Secondly, the City Attorney ignores one of the fundamental principles of statutory construction: words should be given their “ordinary” and “reasonable” meanings. Throughout his opinion Mr. Langley leads us to believe that the Wisconsin Legislature created a Board of Fire and Police Commissioners, gave it a long list of duties: overseeing the operations, policies and procedures of the Fire and Police departments; hiring the chiefs of the departments and all of their members; administering examinations of potential members; investigating citizen complaints; performing disciplinary reviews including trials, etc…, and in their infinite wisdom, intended that the Board of Commissioners should accomplish all of this without the authority to direct or prescribe the actions of its Chief Examiner/Executive Secretary/Executive Director/Secretary/Principal Staff/Chief Administrator (a rose by any other name…) OR Staff. This is a palpable absurdity.

And lastly, while apparently contradicting the main thrust of his own argument, the City Attorney inserts the dagger in footnote 3 (my emphasis):

3 It is possible that the FPC believes that a particular budget item is necessary for the Commission to exercise its powers and functions under 62.50, Wis. Stats., in which case they may be authorized under the MCO to direct the Executive Director to advocate for the item. Even in this case, however, there is still no direct legal recourse under state statute or the MCO if the Executive Director refuses to comply with the directive.

He concedes the ordinary and reasonable interpretation of the statutes and then says in effect: ‘Yeah? Well…? What are you going to do about it?’

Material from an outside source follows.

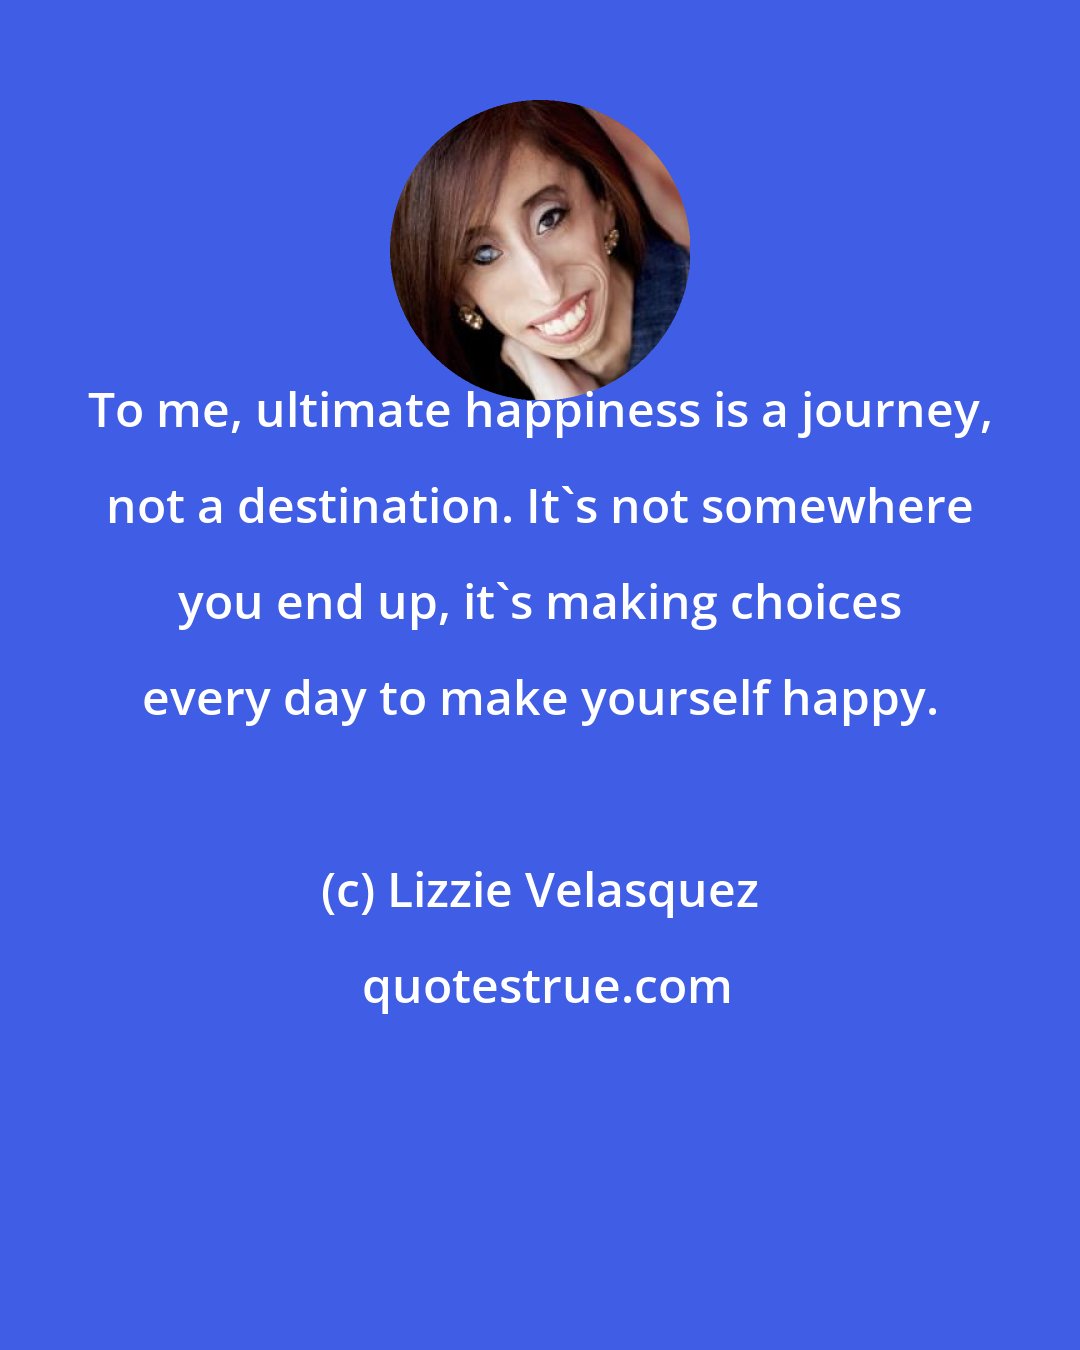 Lizzie Velasquez: To me, ultimate happiness is a journey, not a destination. It's not somewhere you end up, it's making choices every day to make yourself happy.

The Board of Fire and Police Commissioners does have a legal recourse established explicitly for just such cases.  The Board could file a writ of mandamus compelling the executive director to perform her “ministerial duties”.  The four elements required for the writ can all be met:

  1. a clear legal right:  The statutory construction used back in 1988 to determine the impact of the changes to  Wis. Stat. § 62.51(a) on Wis. Stat. § 62.50(25) is still valid: “The board shall prescribe the chief examiner’s duties…”.
  2. a plain and positive duty:  The Board must be able to control the activities of its staff per directions/prescriptions given to their Chief Examiner a.k.a. Executive Director, otherwise it cannot fulfill its broad legislatively mandated duties.  The executive director serves “Under the Direction of the Board” and is subject to the Board’s prescriptions.
  3. substantial damages or injury should the relief not be granted: Just one example is that the FPC is currently subject to Court Orders resulting from the ACLU Settlement Agreement.  If the executive director were to refuse a direction/prescription from the board that she present a plan for how the FPC will meet its obligations under the court orders, the city, board, MPD and the people would all be harmed by the perpetuation of the conditions that brought about the lawsuit in the first place.  And, like the notorious “Christensen Decree” that Milwaukee County is still struggling to get out from under, the city, FPC and MPD could remain under the court’s jurisdiction for many additional years.
  4. no other adequate remedy at law: The City Attorney asserts that the writ of mandamus is not even an option for “direct legal recourse”.

If we are to restore the Fire and Police Commission its birthright and empower it to serve the public interest as was intended at its creation, we must dispense with the nonsensical opinions of the City Attorney. The board should not have to resort to a writ of mandamus. Mayor Barrett could clear up this whole mess by simply making it unequivocally clear that the Board of Commissioners is the “leader” of the FPC Department and, given that the FPC executive director serves at his pleasure, it would please him if Griselda Aldrete would act under the direction and prescriptions of the Board of Fire and Police Commissioners, marshaling the staff with a unity of purpose to accomplish the supremely important, complex and demanding obligations that the FPC has to the public interest it serves.

Paul Mozina, a retired IT professional and community activist.